• [Task]: Could you retype exactly the line containing "60 PLAILLY PARC" and every line after it in the data below, leaving out the pictures?

• [Data]:
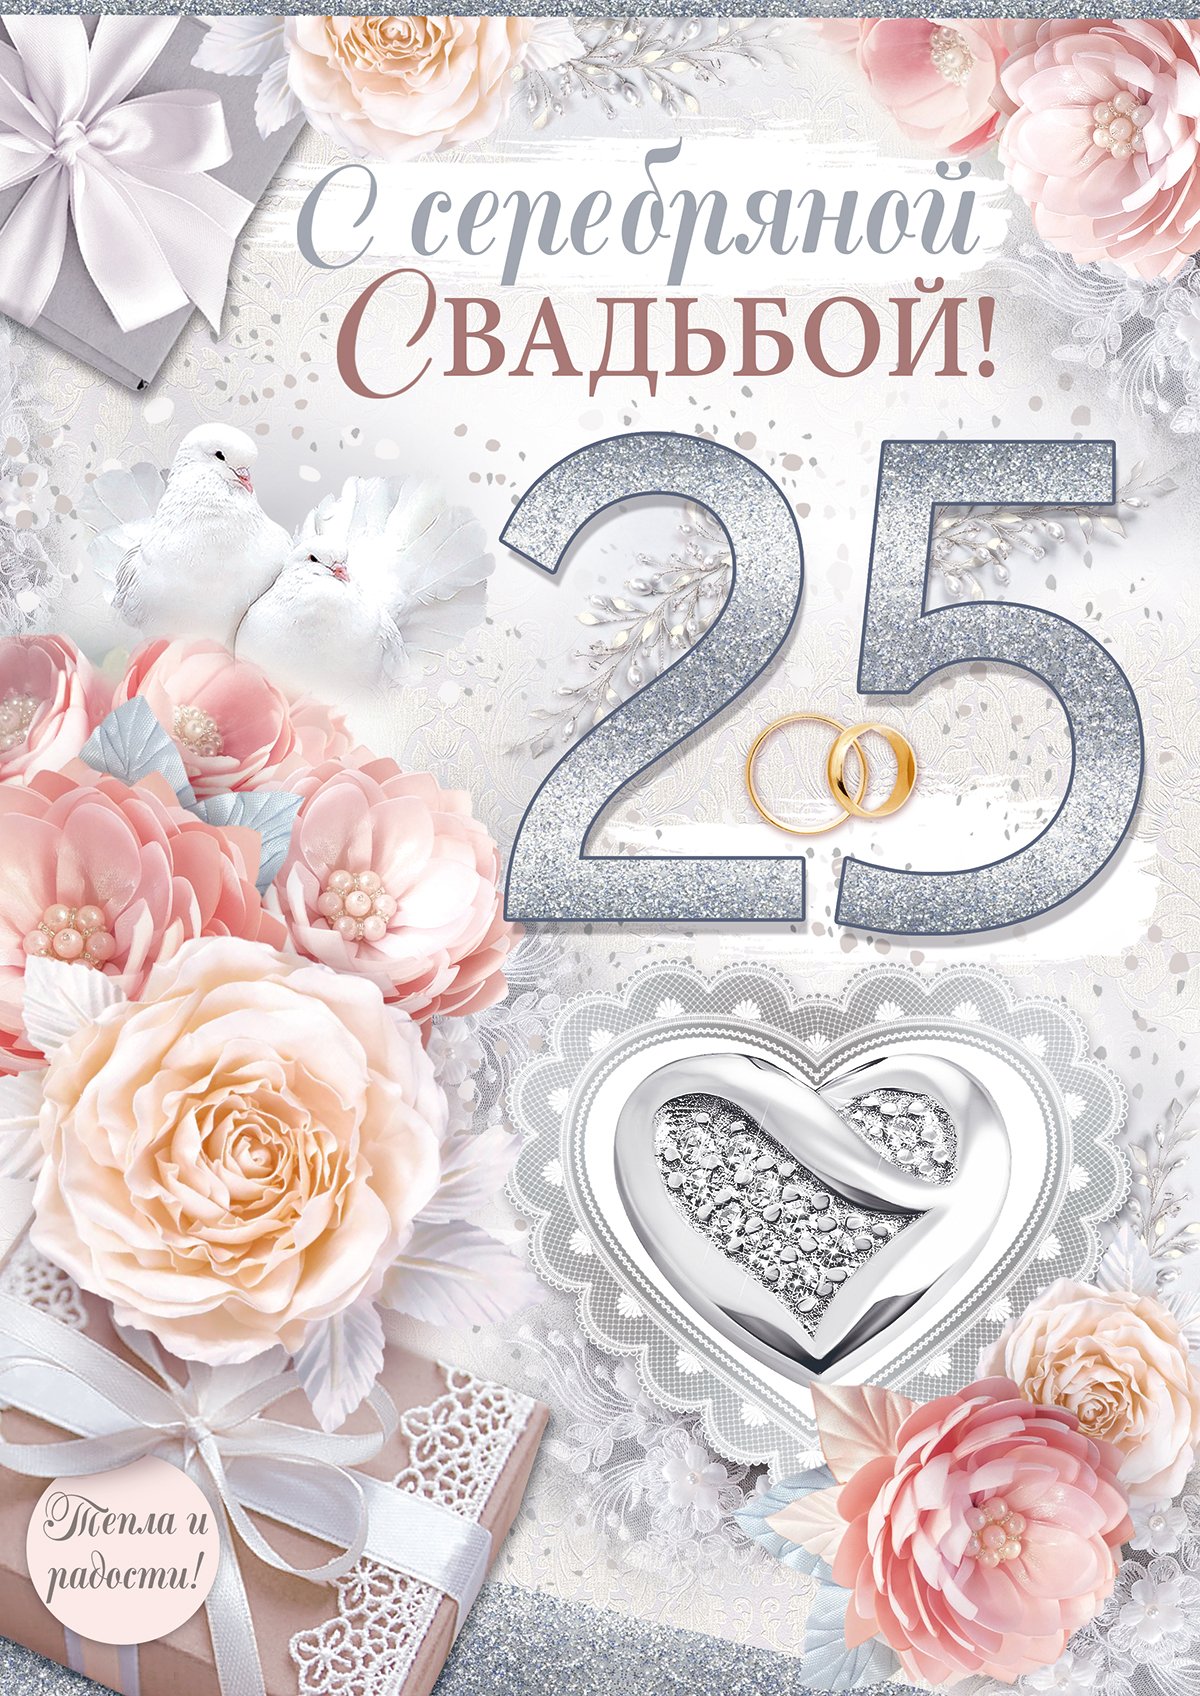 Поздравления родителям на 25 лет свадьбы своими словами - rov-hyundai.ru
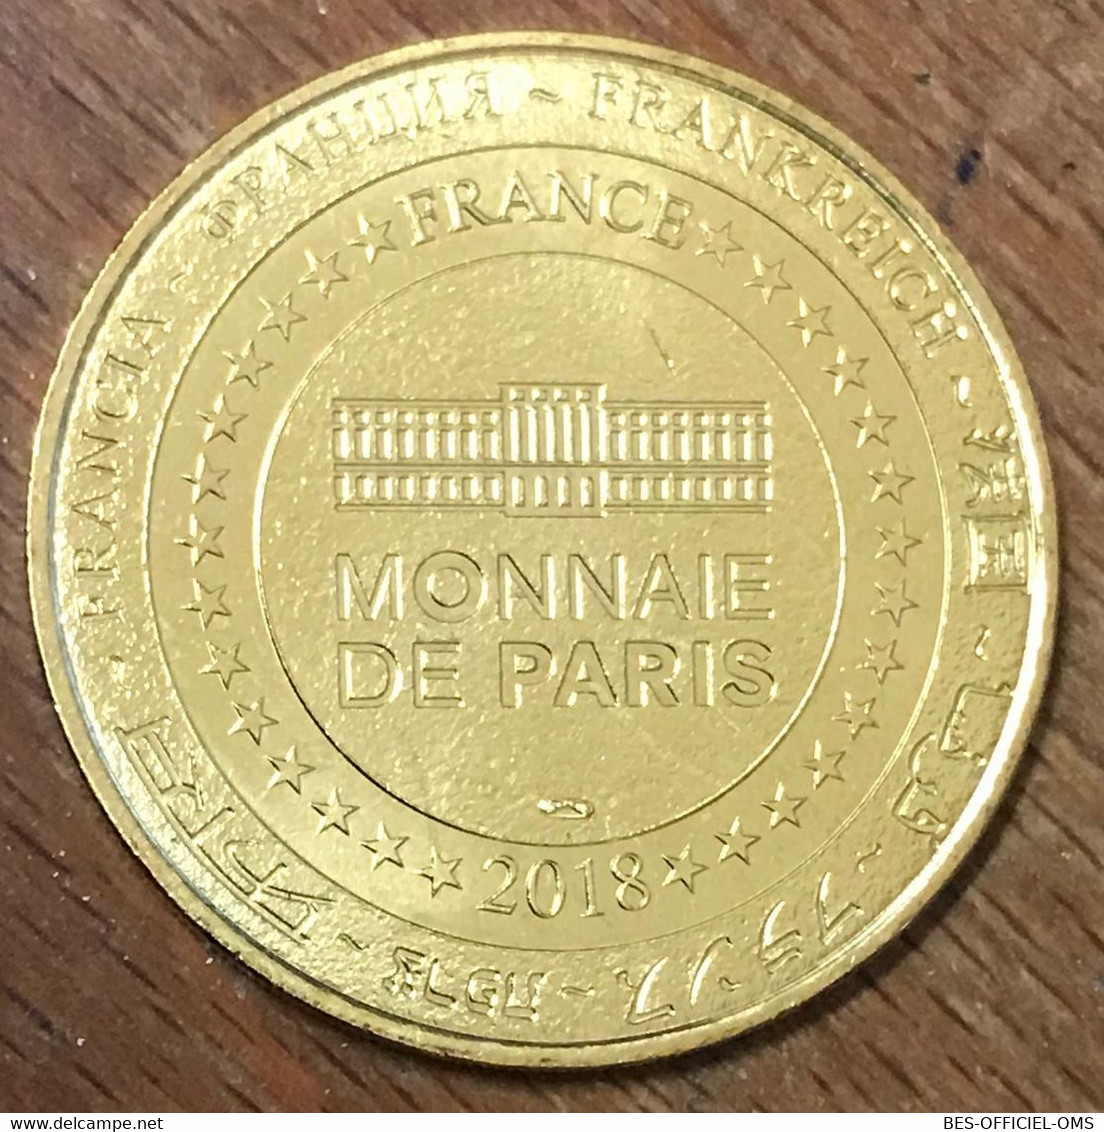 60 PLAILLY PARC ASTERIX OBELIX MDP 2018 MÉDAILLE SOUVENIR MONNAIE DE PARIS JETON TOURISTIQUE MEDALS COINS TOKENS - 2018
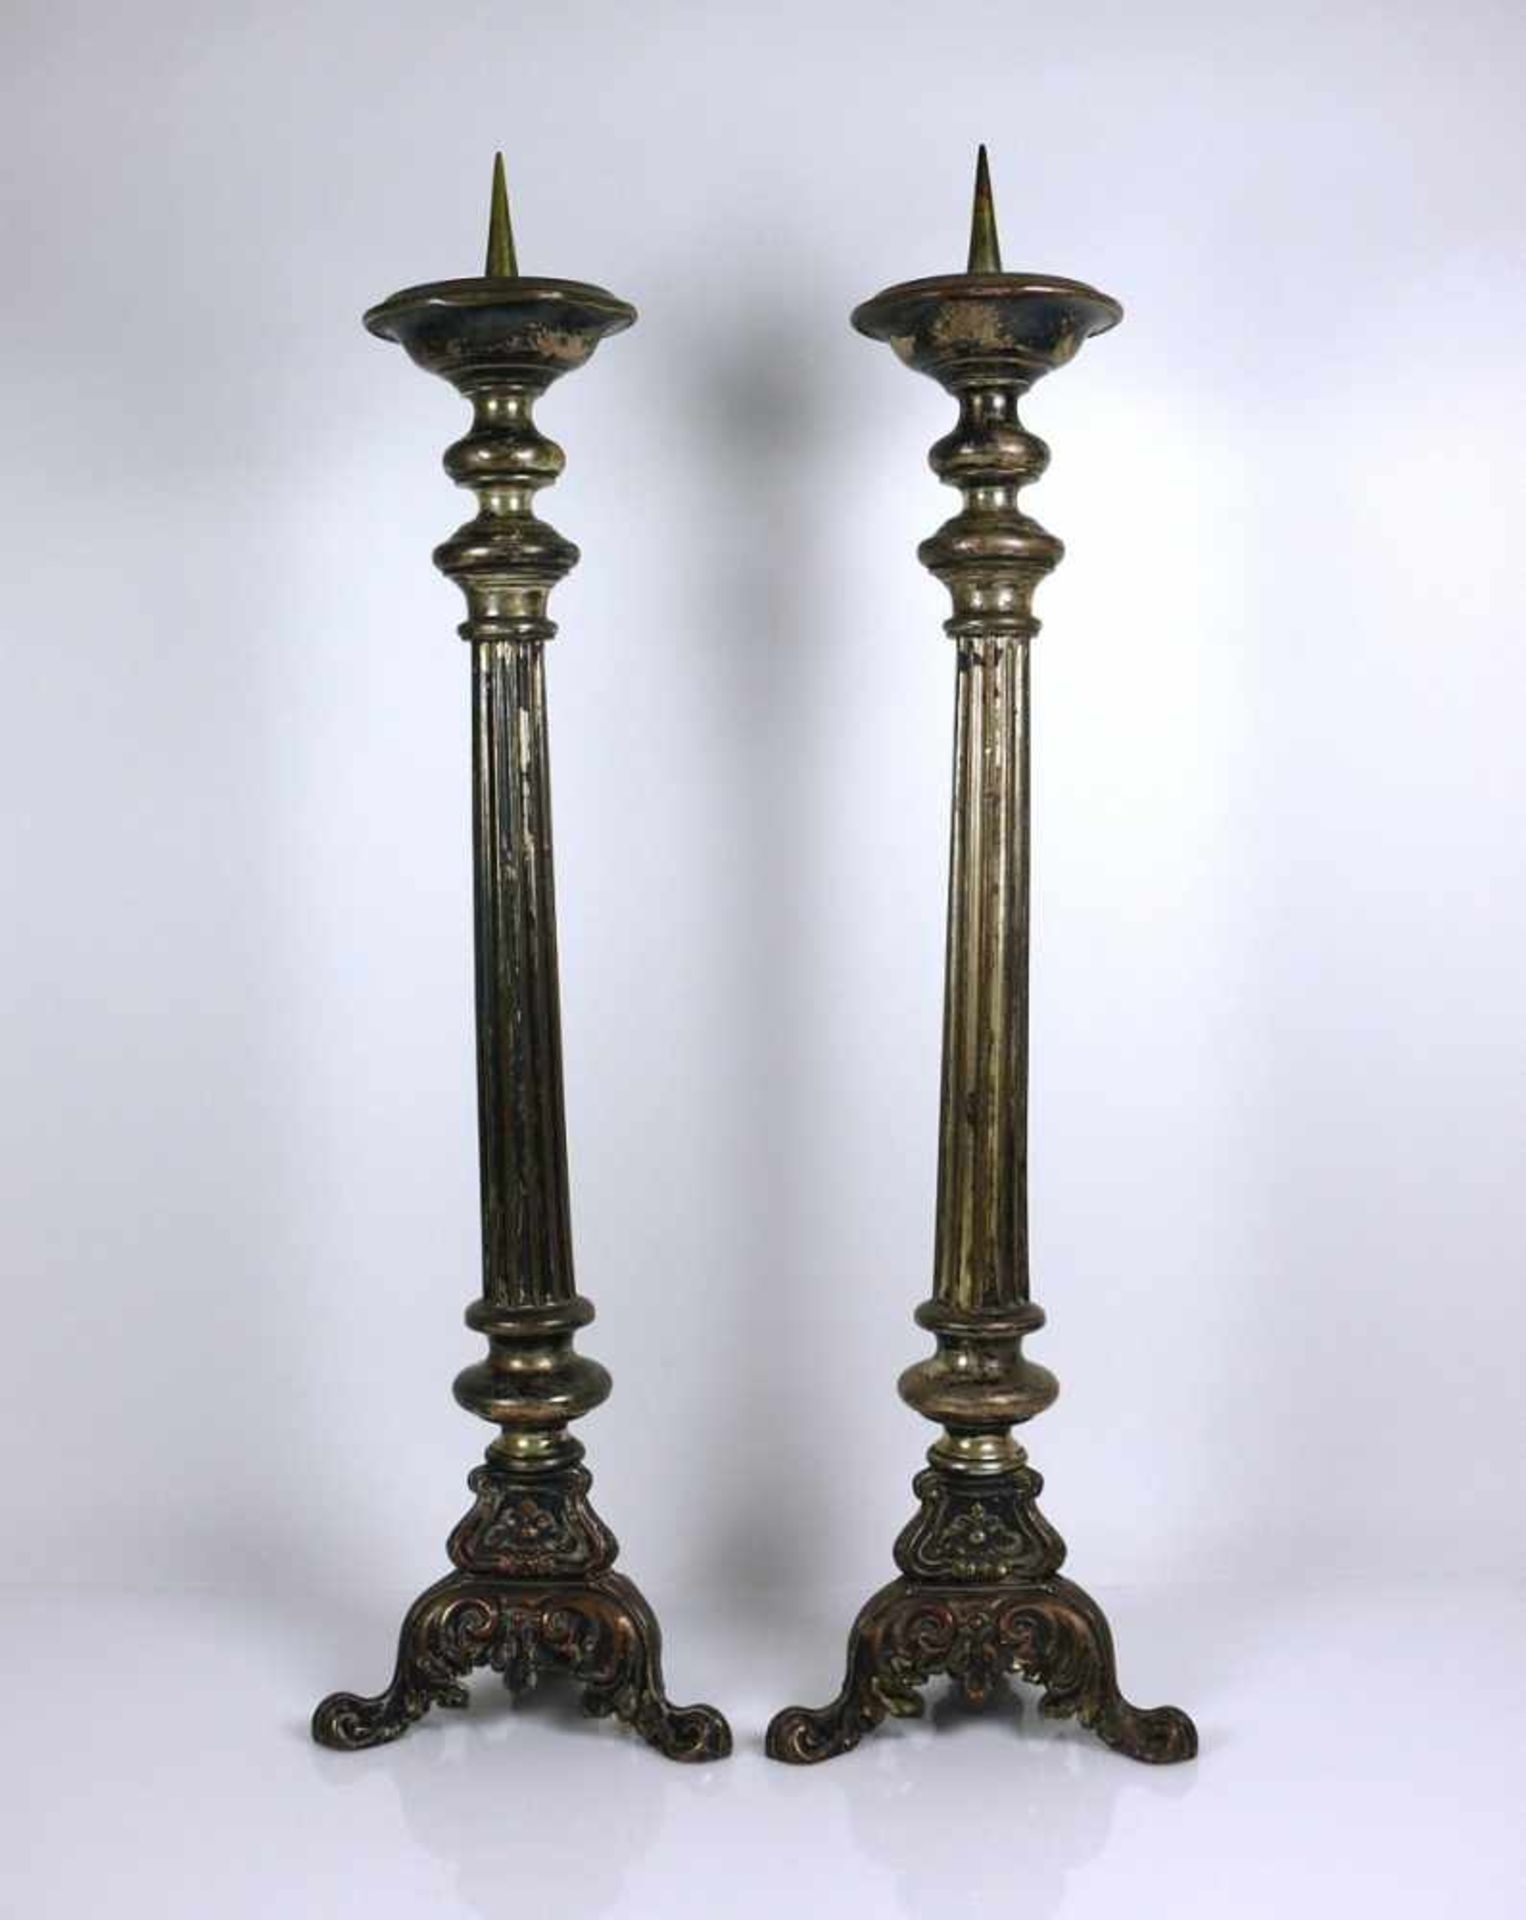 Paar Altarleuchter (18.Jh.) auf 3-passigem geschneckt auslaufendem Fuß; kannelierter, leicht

• [Output for this task]:
 60 PLAILLY PARC ASTERIX OBELIX MDP 2018 MÉDAILLE SOUVENIR MONNAIE DE PARIS JETON TOURISTIQUE MEDALS COINS TOKENS - 2018
 Paar Altarleuchter (18.Jh.) auf 3-passigem geschneckt auslaufendem Fuß; kannelierter, leicht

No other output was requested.